## WORK INSTRUCTION
Only the lines from the one with "Brand New Standard" to the end of the data below should be given again, exactly as written.

Start of DATA EXTRACT

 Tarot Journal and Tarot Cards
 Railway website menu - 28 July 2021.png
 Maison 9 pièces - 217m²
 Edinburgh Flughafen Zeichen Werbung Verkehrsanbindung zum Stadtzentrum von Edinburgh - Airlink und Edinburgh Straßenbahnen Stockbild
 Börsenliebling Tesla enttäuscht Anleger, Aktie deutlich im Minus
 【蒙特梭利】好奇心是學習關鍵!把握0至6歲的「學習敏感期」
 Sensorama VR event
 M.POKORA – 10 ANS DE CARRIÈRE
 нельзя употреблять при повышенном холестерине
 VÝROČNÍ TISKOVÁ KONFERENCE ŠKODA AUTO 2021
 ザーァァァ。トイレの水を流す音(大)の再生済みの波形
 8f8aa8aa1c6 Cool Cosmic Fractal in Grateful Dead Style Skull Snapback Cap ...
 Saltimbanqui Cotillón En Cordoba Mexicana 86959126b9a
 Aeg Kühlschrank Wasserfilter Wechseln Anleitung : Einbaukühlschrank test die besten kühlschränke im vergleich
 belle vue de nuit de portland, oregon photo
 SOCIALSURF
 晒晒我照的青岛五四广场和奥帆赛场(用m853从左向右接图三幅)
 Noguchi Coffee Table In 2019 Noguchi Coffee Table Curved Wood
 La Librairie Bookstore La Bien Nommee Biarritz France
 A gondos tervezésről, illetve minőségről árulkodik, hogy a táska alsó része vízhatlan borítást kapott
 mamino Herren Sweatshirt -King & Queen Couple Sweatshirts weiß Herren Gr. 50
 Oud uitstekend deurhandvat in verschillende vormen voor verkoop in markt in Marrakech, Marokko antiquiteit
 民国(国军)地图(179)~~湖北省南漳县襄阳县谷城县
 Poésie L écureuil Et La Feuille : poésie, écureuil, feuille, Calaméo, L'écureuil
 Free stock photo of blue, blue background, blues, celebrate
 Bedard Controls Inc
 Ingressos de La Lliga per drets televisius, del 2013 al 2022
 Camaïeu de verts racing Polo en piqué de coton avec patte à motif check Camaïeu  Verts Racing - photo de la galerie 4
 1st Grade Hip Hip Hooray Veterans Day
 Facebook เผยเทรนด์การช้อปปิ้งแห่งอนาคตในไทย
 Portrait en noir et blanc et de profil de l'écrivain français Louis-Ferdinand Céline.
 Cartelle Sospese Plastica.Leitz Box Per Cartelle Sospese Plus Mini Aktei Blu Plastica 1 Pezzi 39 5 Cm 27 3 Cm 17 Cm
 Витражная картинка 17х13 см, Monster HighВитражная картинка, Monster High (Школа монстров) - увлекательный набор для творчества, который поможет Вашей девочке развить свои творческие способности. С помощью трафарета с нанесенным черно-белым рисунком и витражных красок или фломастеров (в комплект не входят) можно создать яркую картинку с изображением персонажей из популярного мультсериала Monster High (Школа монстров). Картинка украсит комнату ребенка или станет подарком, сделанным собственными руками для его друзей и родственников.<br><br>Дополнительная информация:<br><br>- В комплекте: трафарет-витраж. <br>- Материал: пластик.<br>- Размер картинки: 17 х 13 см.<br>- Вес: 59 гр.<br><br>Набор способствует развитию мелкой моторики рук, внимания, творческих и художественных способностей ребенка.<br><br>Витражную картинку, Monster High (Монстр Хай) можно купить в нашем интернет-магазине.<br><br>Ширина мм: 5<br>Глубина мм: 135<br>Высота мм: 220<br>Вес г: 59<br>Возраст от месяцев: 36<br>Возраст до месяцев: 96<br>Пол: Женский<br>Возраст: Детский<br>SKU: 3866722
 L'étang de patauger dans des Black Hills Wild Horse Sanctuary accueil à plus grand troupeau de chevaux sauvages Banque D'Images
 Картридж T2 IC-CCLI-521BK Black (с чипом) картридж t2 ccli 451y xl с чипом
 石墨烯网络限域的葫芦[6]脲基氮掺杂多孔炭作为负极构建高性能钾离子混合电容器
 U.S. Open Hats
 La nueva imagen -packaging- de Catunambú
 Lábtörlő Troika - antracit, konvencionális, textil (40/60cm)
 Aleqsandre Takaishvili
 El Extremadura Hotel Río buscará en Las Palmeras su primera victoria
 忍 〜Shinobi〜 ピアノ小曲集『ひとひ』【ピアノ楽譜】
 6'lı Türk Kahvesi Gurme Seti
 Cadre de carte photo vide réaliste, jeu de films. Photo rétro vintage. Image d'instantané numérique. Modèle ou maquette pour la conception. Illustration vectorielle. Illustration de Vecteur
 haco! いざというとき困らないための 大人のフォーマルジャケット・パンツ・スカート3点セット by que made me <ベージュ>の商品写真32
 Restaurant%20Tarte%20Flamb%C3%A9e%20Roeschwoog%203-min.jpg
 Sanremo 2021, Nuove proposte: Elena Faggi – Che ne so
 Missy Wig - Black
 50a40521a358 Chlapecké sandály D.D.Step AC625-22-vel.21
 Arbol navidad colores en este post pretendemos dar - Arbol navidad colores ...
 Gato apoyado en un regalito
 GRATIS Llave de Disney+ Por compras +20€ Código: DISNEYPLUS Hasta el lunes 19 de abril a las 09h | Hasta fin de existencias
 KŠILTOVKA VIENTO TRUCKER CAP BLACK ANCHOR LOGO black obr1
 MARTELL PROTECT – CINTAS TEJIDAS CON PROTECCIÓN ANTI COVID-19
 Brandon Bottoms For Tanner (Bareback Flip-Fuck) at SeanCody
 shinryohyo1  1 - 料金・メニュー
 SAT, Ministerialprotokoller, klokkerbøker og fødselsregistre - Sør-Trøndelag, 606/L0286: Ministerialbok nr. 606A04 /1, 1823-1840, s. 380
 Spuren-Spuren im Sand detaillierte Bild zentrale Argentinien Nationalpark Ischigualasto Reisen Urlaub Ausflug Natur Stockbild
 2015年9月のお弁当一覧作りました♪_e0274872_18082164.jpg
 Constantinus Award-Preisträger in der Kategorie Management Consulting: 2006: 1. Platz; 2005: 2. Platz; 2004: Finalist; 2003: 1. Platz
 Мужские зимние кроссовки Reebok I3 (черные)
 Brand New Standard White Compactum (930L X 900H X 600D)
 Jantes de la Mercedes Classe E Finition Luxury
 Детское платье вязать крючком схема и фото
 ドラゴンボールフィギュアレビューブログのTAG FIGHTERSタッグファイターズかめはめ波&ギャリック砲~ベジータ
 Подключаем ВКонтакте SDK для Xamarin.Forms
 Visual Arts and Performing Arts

End of DATA EXTRACT

## FINISHED TASK
 Brand New Standard White Compactum (930L X 900H X 600D)
 Jantes de la Mercedes Classe E Finition Luxury
 Детское платье вязать крючком схема и фото
 ドラゴンボールフィギュアレビューブログのTAG FIGHTERSタッグファイターズかめはめ波&ギャリック砲~ベジータ
 Подключаем ВКонтакте SDK для Xamarin.Forms
 Visual Arts and Performing Arts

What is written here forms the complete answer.